Yes, it would surely depend both on the user and attacker. The assumption here is that an attacker will sit and wait for a big transaction, even if that means ignoring 100 or 1000 transactions before it. With non-HD there's at least a limit to how much into the future the risk exists.

I do wonder if a default keypool of 1000 (in non-HD) is a good or bad thing for most users. Or if HD is a good thing.

Good points. I've seen several people question if HD wallet is adds vulnerability or not. Looks like the very early format had a keypool of 100, then of 1000, and then finally HD.

From what I've read, "dumpwallet" will indeed dump your HD seed on the console, so if a hacker gets that.. it's over. Your wallet is compromised forever.

The solution may be to just buy a laptop, airgap it (get rid of all potential communication devices), install linux on it, and then create a brand new wallet.dat there, and use it as cold storage. Then in another laptop, use another install of Bitcoin Core for watch only addresses. This is my plan and what im learning to do. Im going to practice with testnet coins, since if you don't know exactly what you are doing with rawtransactions, you may send an huge fee for example. So I want to be sure first, and do with testnet coins with 2 computers, once I have this figured out, I will transition to airgap setup. It is the best in my opinion. It's the only way to be sure that your private keys never see the internet, and you can still continue using Bitcoin Core software. I just wish devs added GUI support for this. I think Armory got this, but I want to keep using Core, I don't want to learn some brand new software, and I don't trust anything but Core software to be honest..

[Oceat]

If a wallet is not encrypted, then the private keys are visible. If it is encrypted, the attacker would need the password or powerful means to break the encryption.

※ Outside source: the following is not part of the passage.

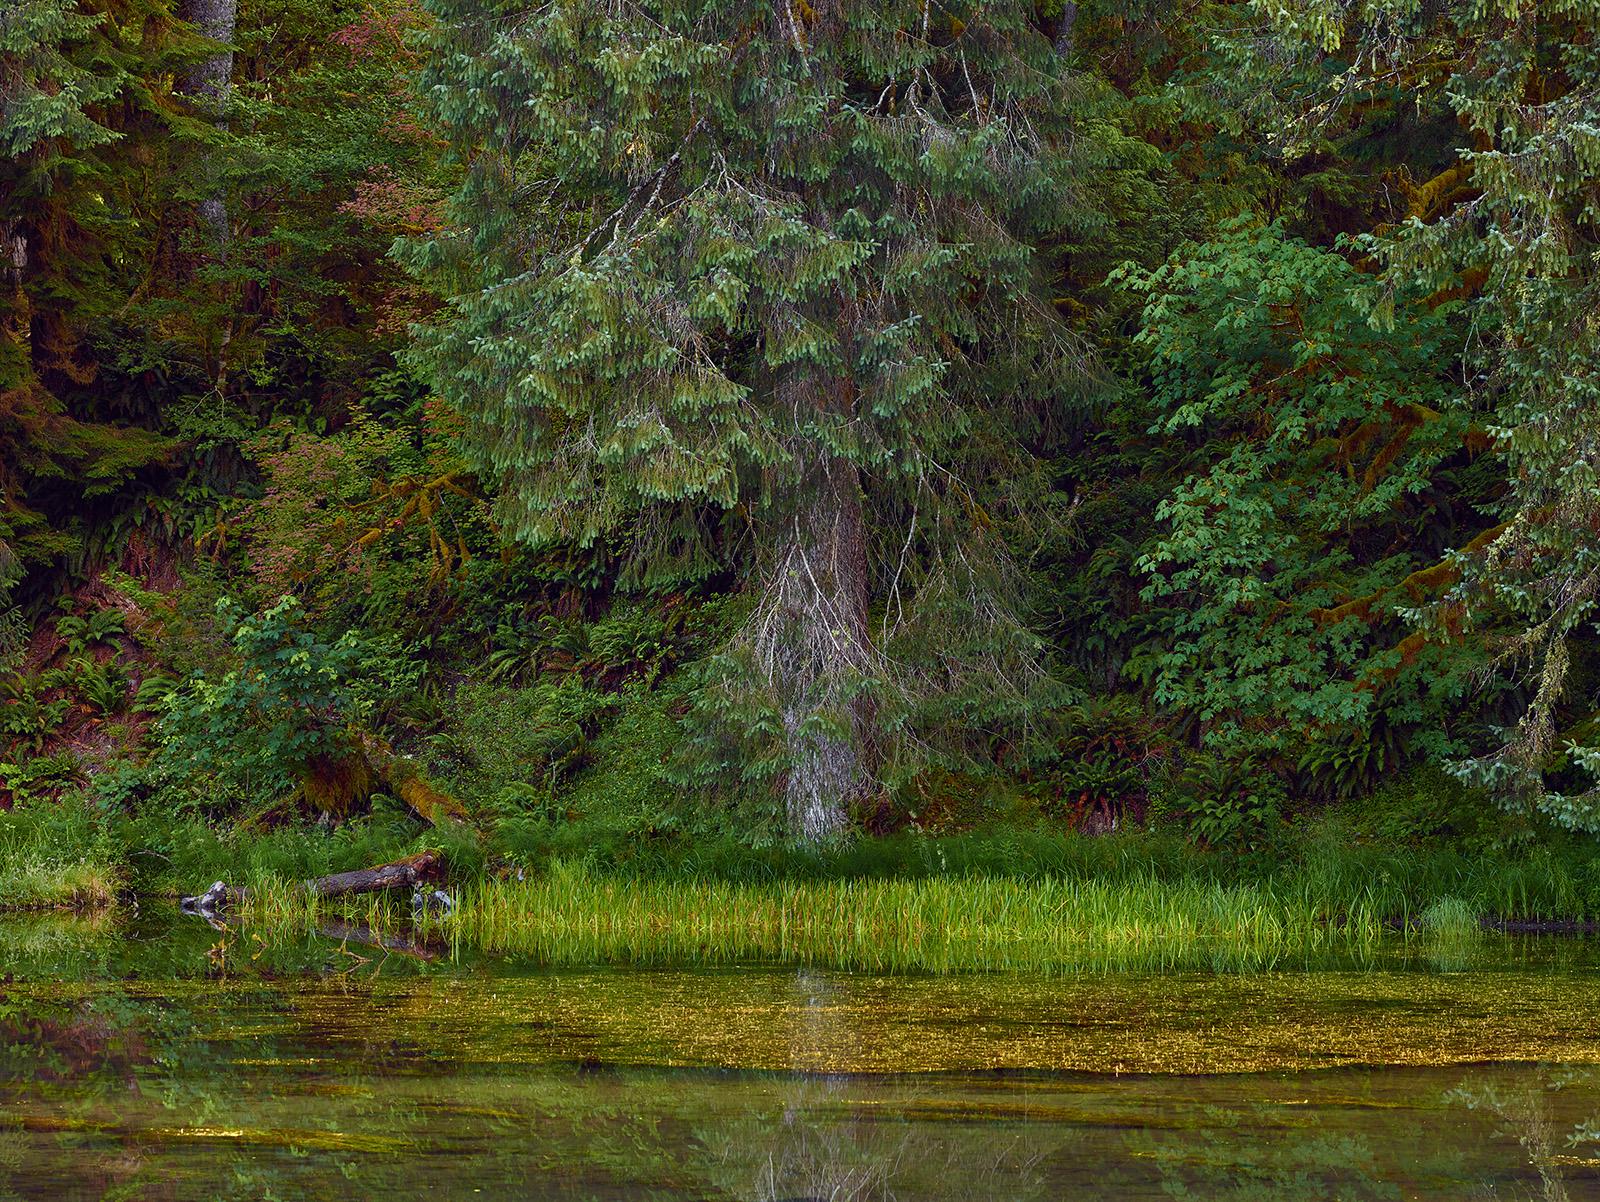 Olymipic National Park by jimban in Regular Member Gallery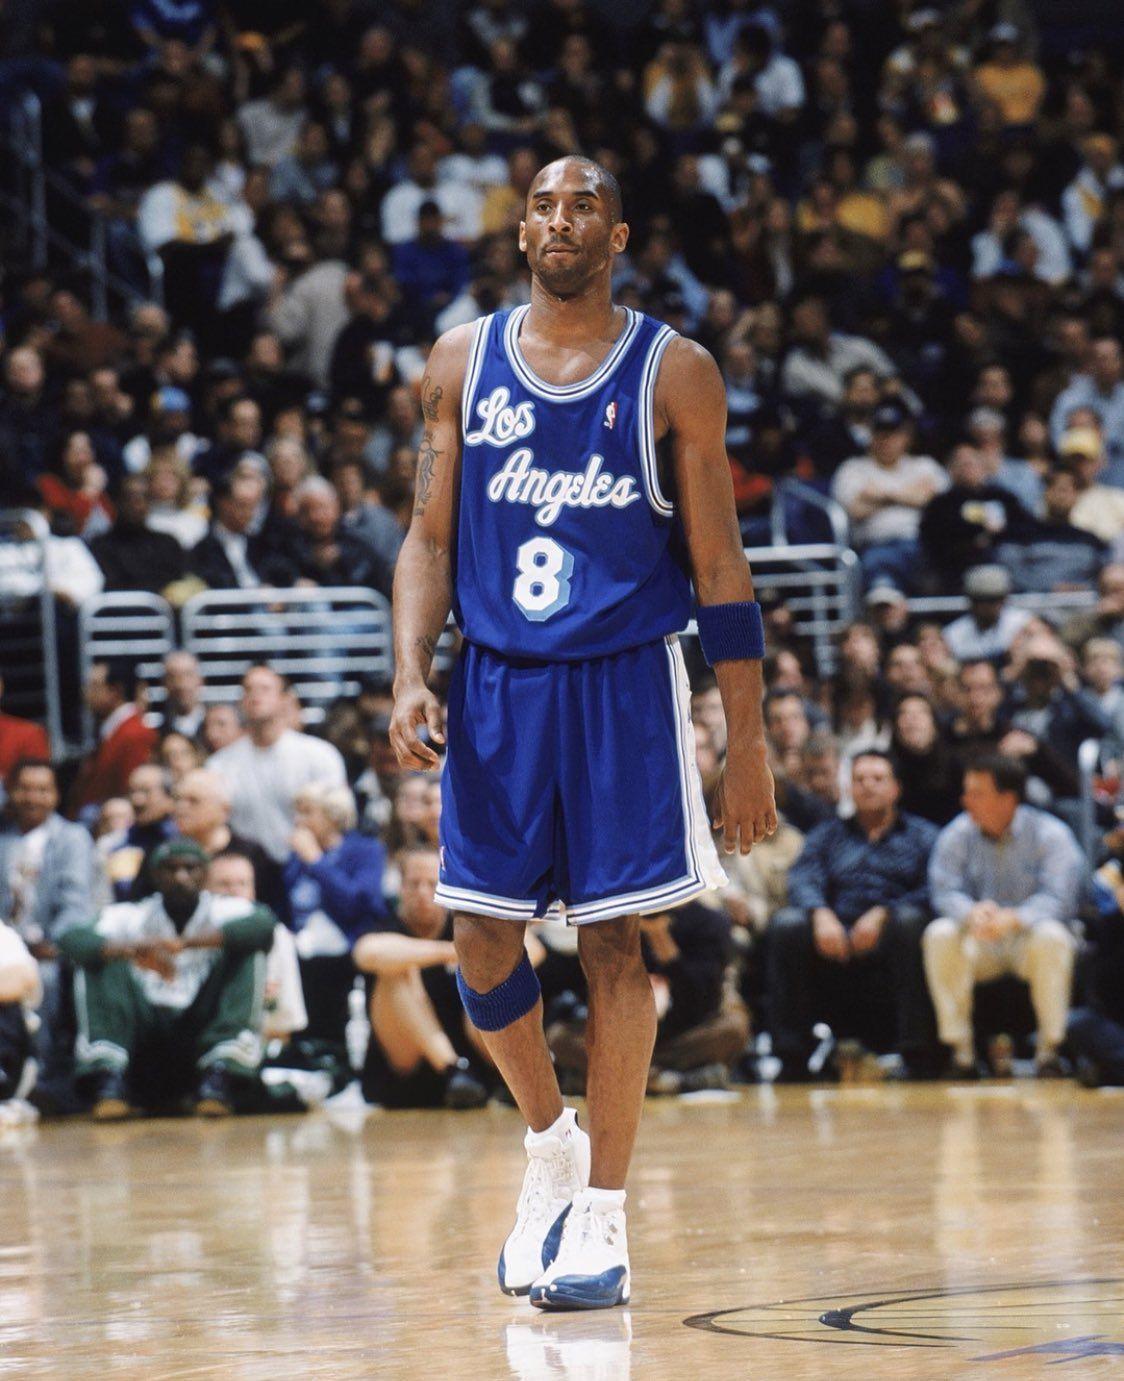 Timeless Sports on Twitter | Kobe bryant pictures, Kobe bryant ...

Every wallet is encrypted specially the wallet.dat, so no attacker can brute force or decrypt your wallet.dat unless if the attacker already planted some malware to your computer then you are really DOOMED. Some professional programmer can decrypt it if they were working with these application before but i guess they shouldn't do it unless they were told. They should change their OS into LINUX or MAC so that the attacker won't have an easy way to get their wallet then.